From: <cti-stix@lists.oasis-open.org> on behalf of "Jordan, Bret" <bret.jordan@bluecoat.com>
Date: Tuesday, June 14, 2016 at 6:51 PM
To: Rich Piazza <rpiazza@mitre.org>, "cti-stix@lists.oasis-open.org" <cti-stix@lists.oasis-open.org>
Subject: [cti-stix] Re: Reviewing External-Reference

 

I would prefer that we only add things to the Common TLO Properties section once we know that it is in fact needed on every TLO.  I do not want to just artificially add things to TLOs that may never need them.

 

So lets use the external-reference type for Attack Pattern and see if anything else needs it in the future.  My guess is that only a small handful of things will actually end up needing it.  

 

Bret

 

 

---

From: cti-stix@lists.oasis-open.org <cti-stix@lists.oasis-open.org> on behalf of Piazza, Rich <rpiazza@mitre.org>
Sent: Tuesday, June 14, 2016 10:35 AM
To: cti-stix@lists.oasis-open.org
Subject: [cti-stix] Reviewing External-Reference

 

When reviewing the External Reference type (https://docs.google.com/document/d/1HJqhvzO35h62gQGPvghVRIAtQrZn3_J__0UcDAj-NXY/edit#heading=h.cez46v5quobo ), please consider the usages of it.

 

In the original proposal, as discussed on a previous working call, it was suggested that external_references be added as a Common TLO field. 

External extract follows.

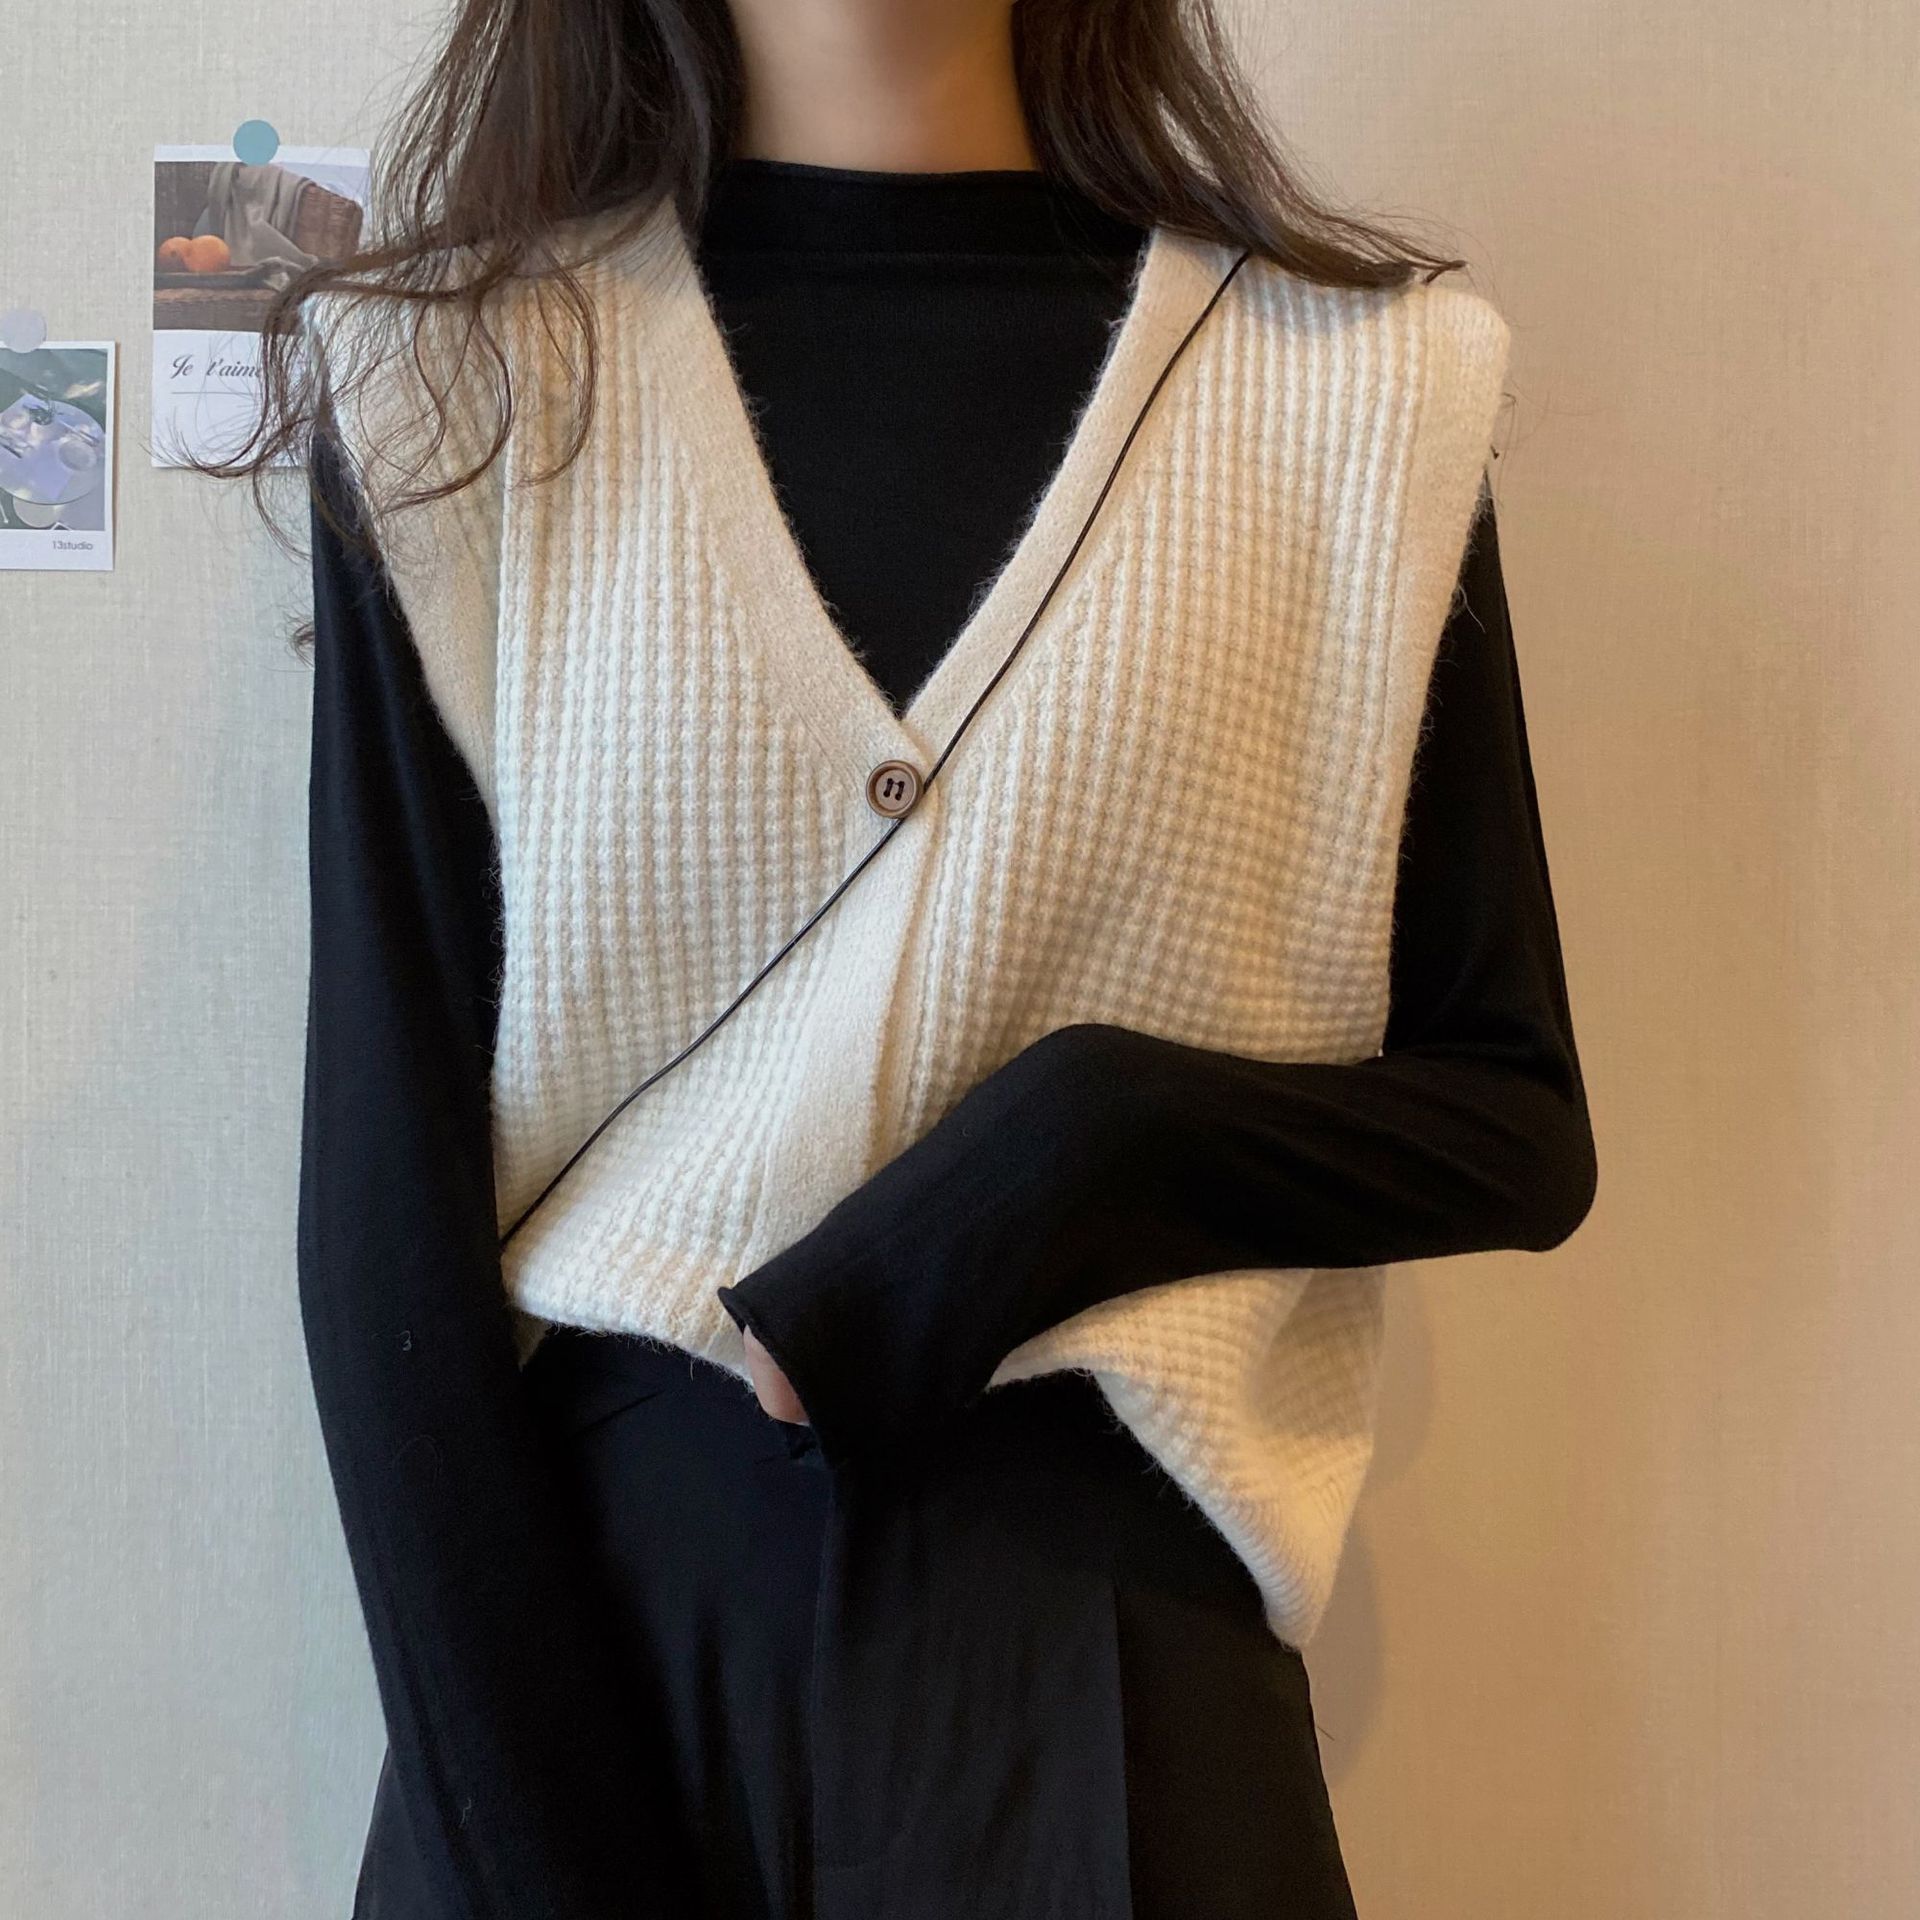 Design Sense Knitted Vest Coat Women's Autumn and Winter 2020 New Korean-Style Fashionable Sweater Autumn Sleeveless Top

However, the Common TLO section’s status was already “Consensus”, so your humble editors didn’t want to change that text without discussion.

 

An alternative is to only include it for particular TLOs.  It originally was discussed by John Wunder as a way to support external_ids like CAPEC.  Therefore, it would be make sense for it to be a field of Attack Pattern, for instance.  However, it was broadened to include URLs, so it was thought that all TLOs might need this concept.  So……

 

…as we finalize External References, we must also approve how it is used.  The choices are:

 

·         external_references is a Common TLO field

·         external_references is a field on a TLO if there is an explicit use case for it (e.g., Attack Pattern).